Dagdeviren understands those concerns, and is working on recruiting a diverse group of patients to test how well the device distinguishes between cancerous and benign lumps, as well as its false positive and negative rates. She will need to test hundreds before getting FDA approval. She also hopes to collect enough data to train an artificial intelligence algorithm that can be used with the wearable and reduce the false positive rate.
To do all of that, Dagdeviren is focused on attracting investors beyond a foundation grant that she can’t disclose, and on streamlining the manufacturing process.
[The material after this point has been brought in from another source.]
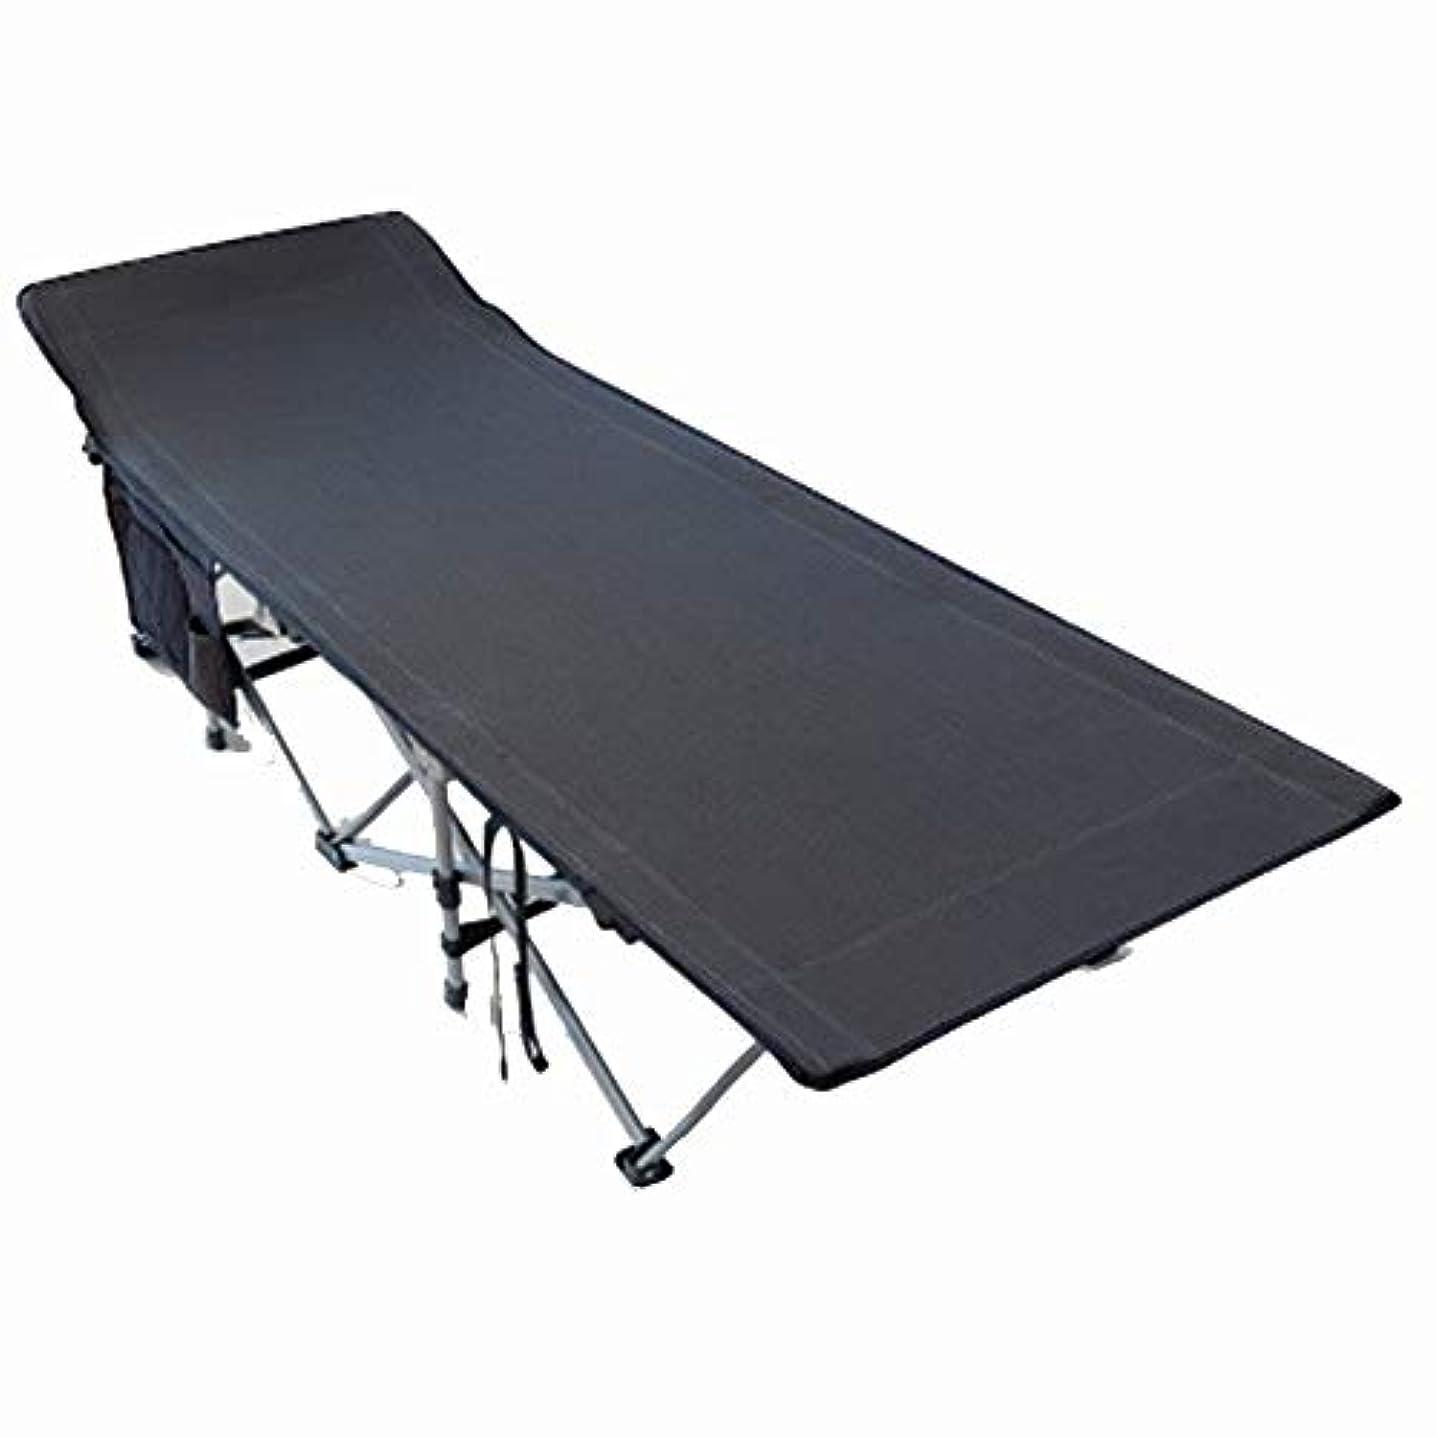 分類第二仮定屋外キャンプベッドアルミ折りたたみベッド大型軽量ベッド (Color : Black)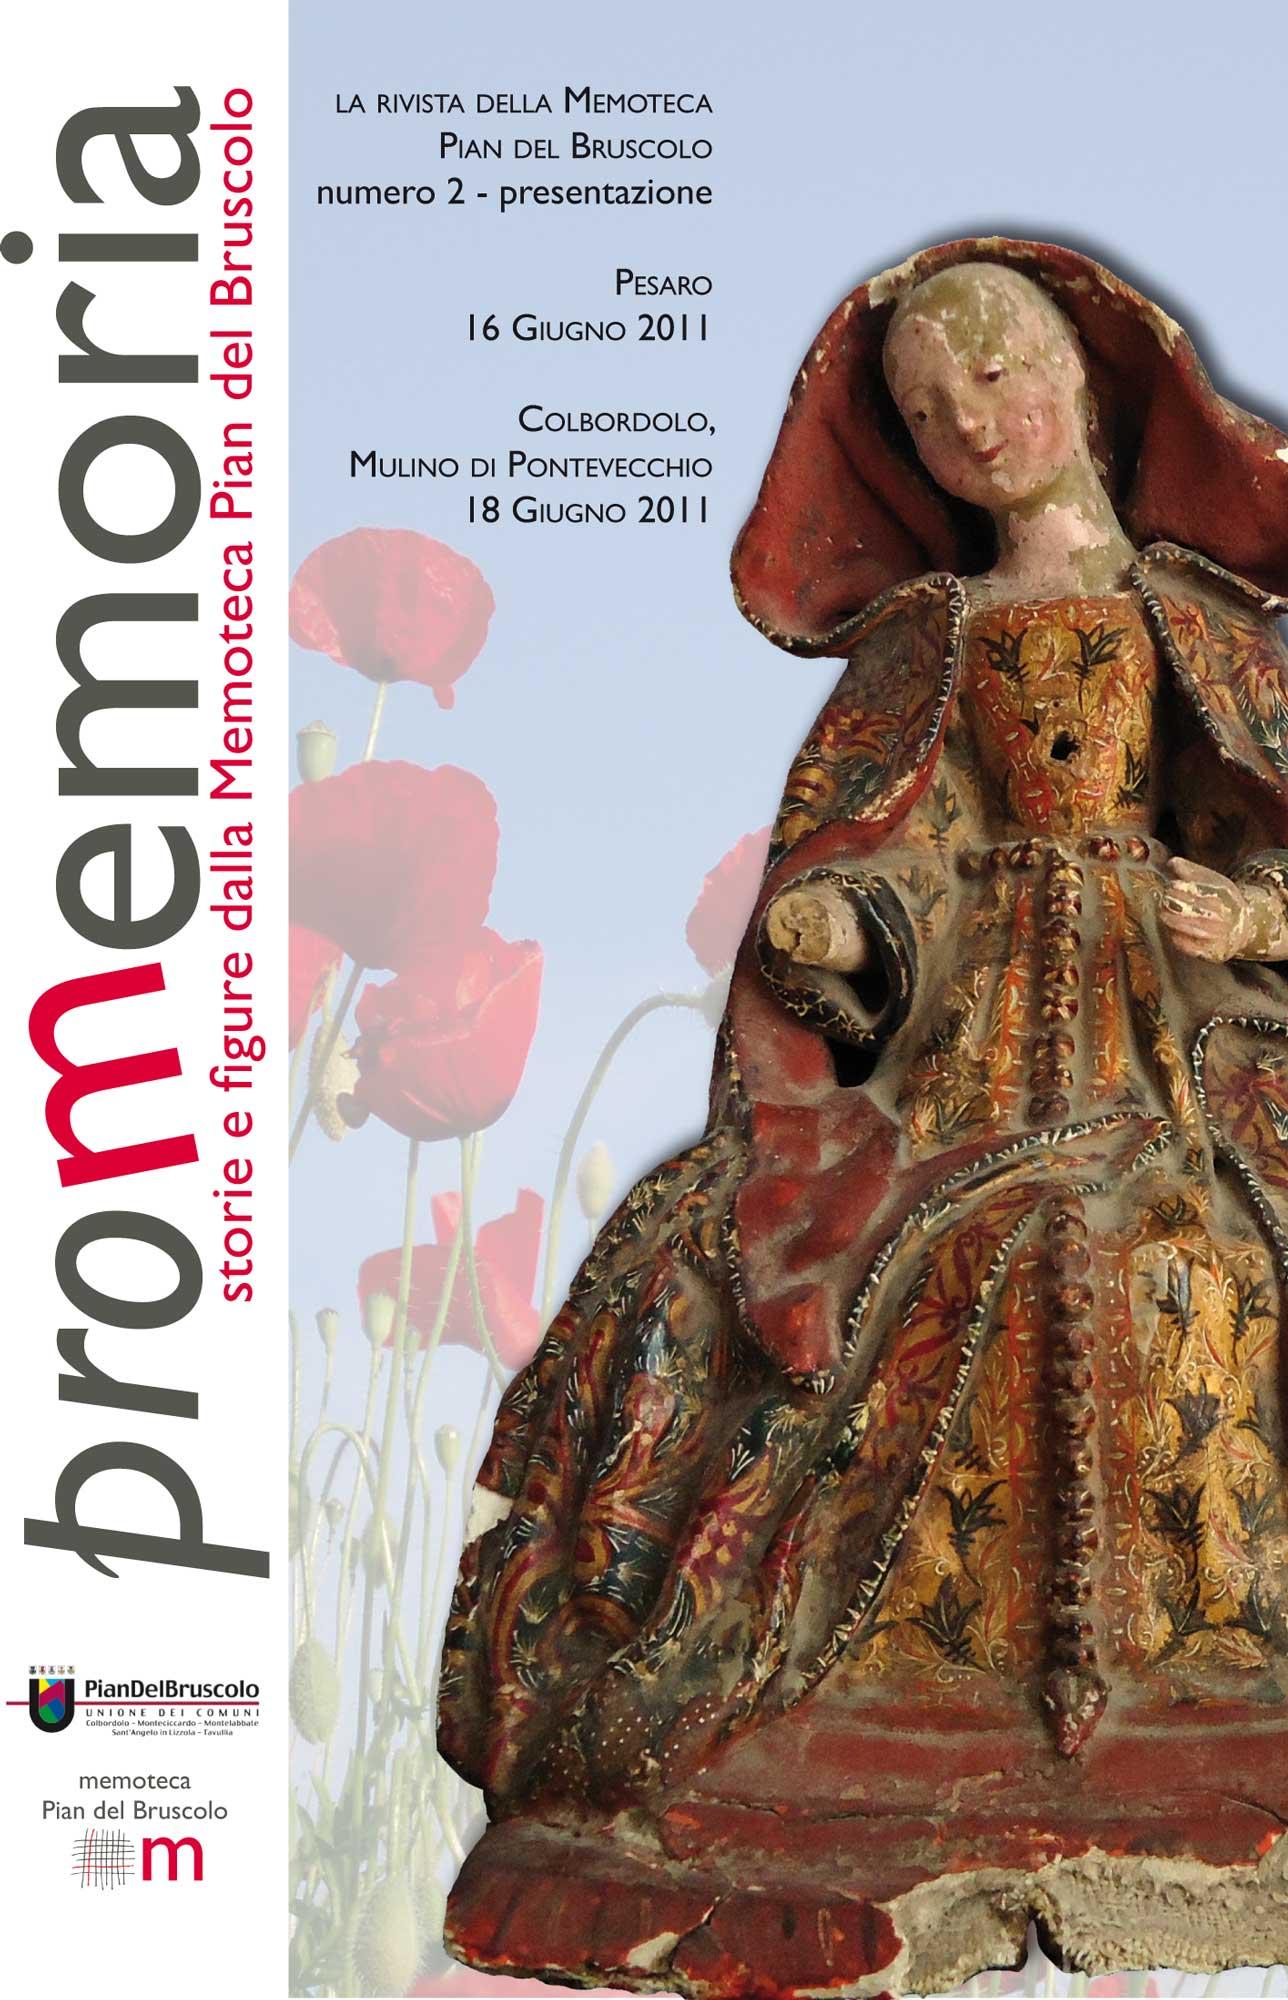 Memoteca Pian del Bruscolo - 2011

Morphing brittle electronic materials into a flexible ultrasound at scale is no easy feat. Dagdeviren wants most of all to help people like her aunt; to save lives before their cancer unfurls. But she couldn’t help but think of herself and other grieving loved ones, too, as people who may benefit.
“This technology will not only help people who are high risk, but also the people around them,” Dagdeviren said.